===== Data block =====

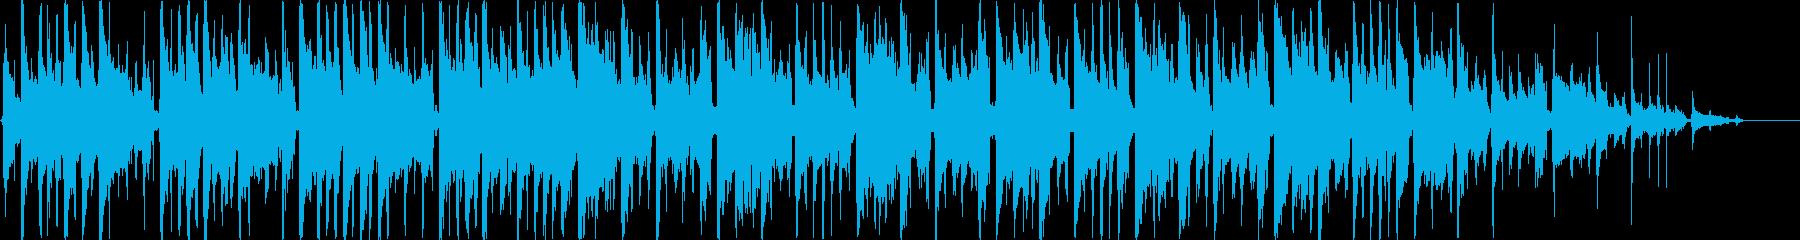 女性的でガーリーなカフェ音楽のイメージの再生済みの波形
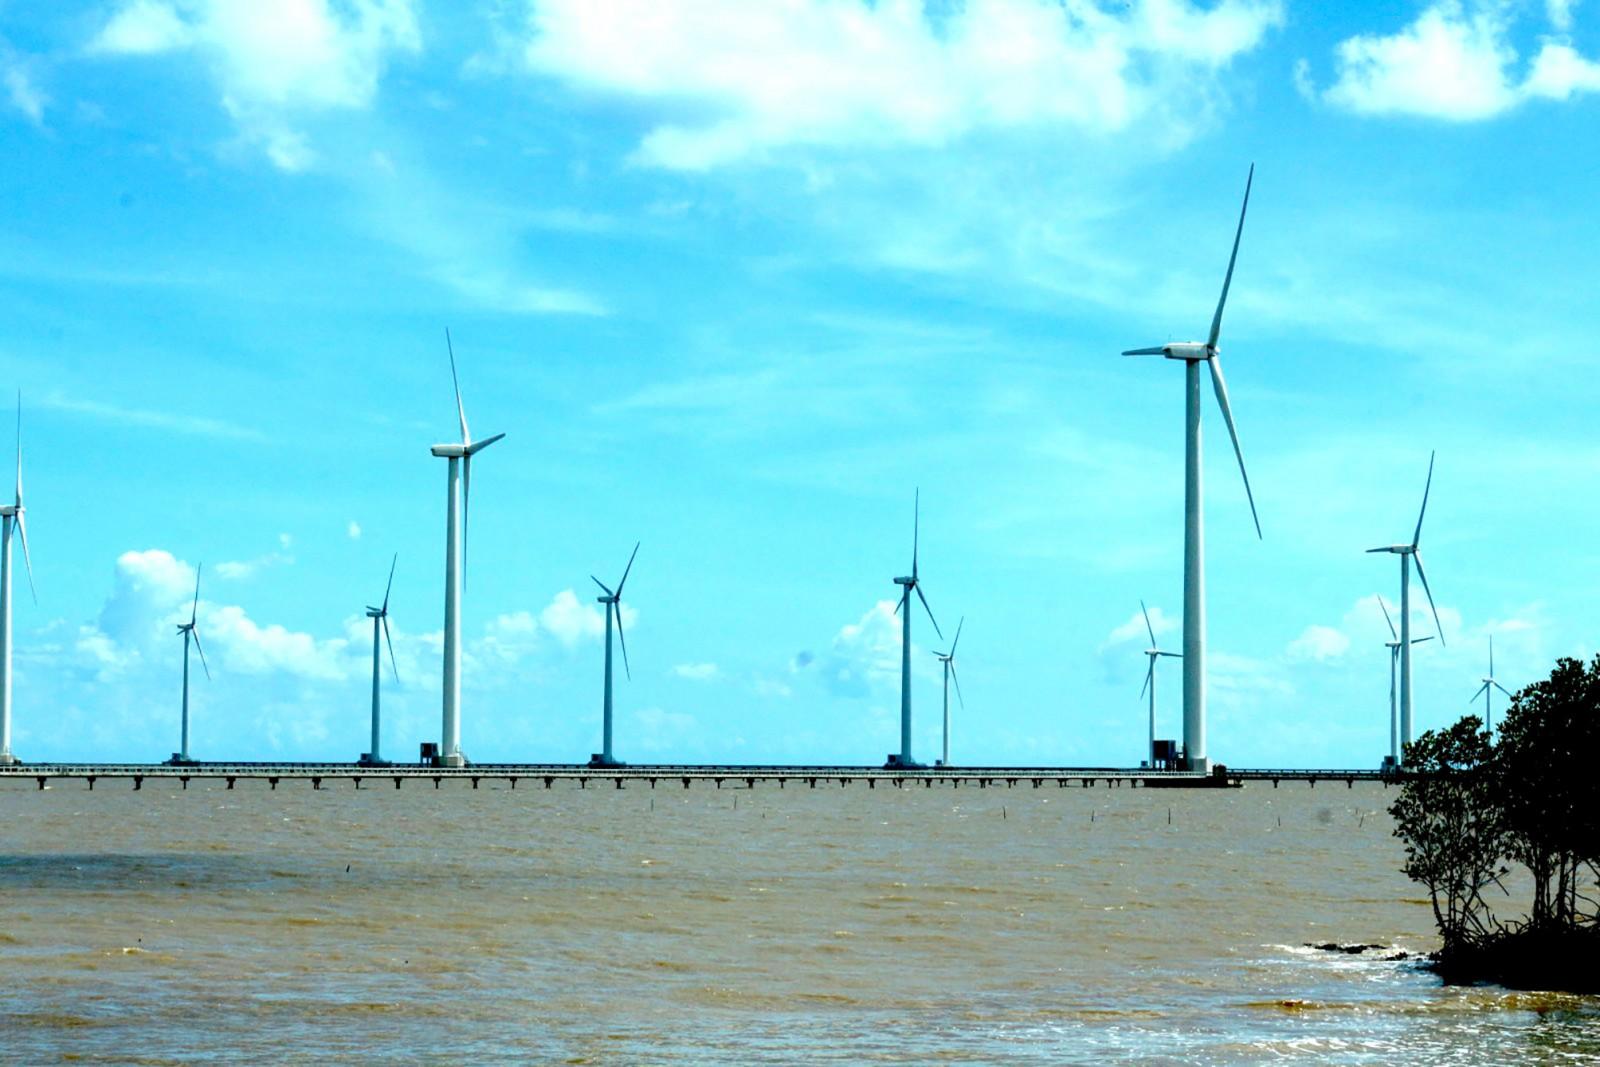 Điện gió là sản phẩm du lịch mà Bạc Liêu đang tích cực khai thác. Ảnh: ÁI LAM
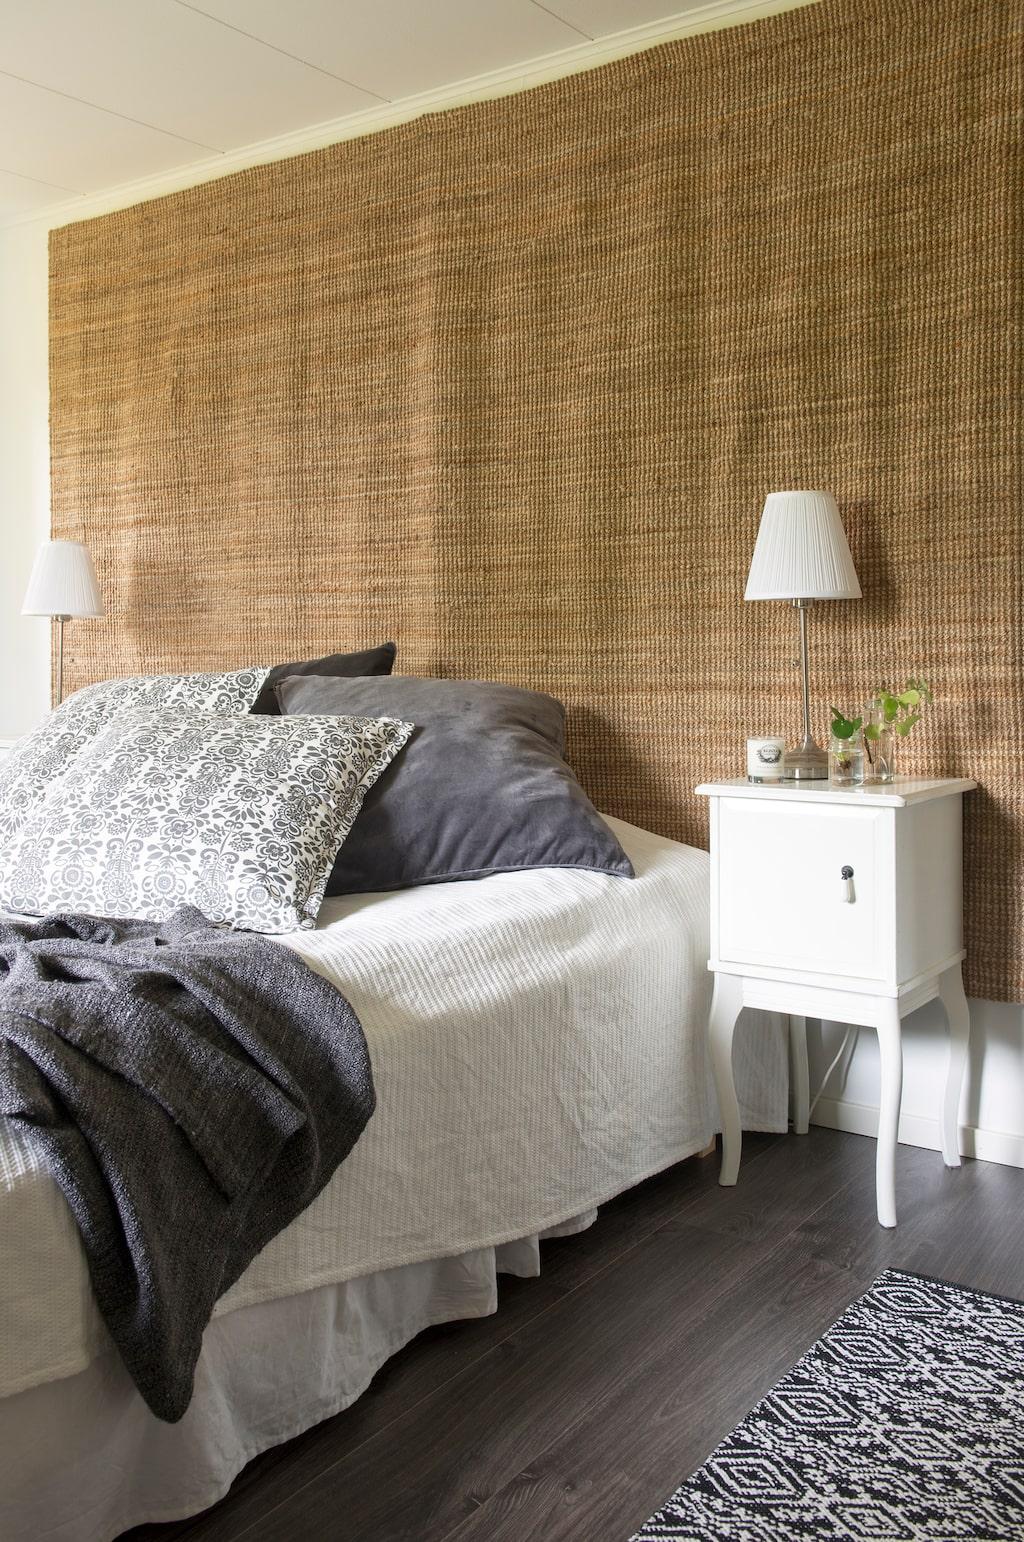 Alternativ gavel. I stället för sänggavel har Vanessa klätt väggen med en stor jutematta från Ikea. På sängbordet står två sticklingar av pilea och murgröna och ett doftljus från Klinta. Sängbord och lampor från Ikea.

=====

(Work instruction):
Could you transcribe the material above exactly, keeping every picture out?

(Answer for the task):
 女性的でガーリーなカフェ音楽のイメージの再生済みの波形
 Điện gió là sản phẩm du lịch mà Bạc Liêu đang tích cực khai thác. Ảnh: ÁI LAM
 Alternativ gavel. I stället för sänggavel har Vanessa klätt väggen med en stor jutematta från Ikea. På sängbordet står två sticklingar av pilea och murgröna och ett doftljus från Klinta. Sängbord och lampor från Ikea.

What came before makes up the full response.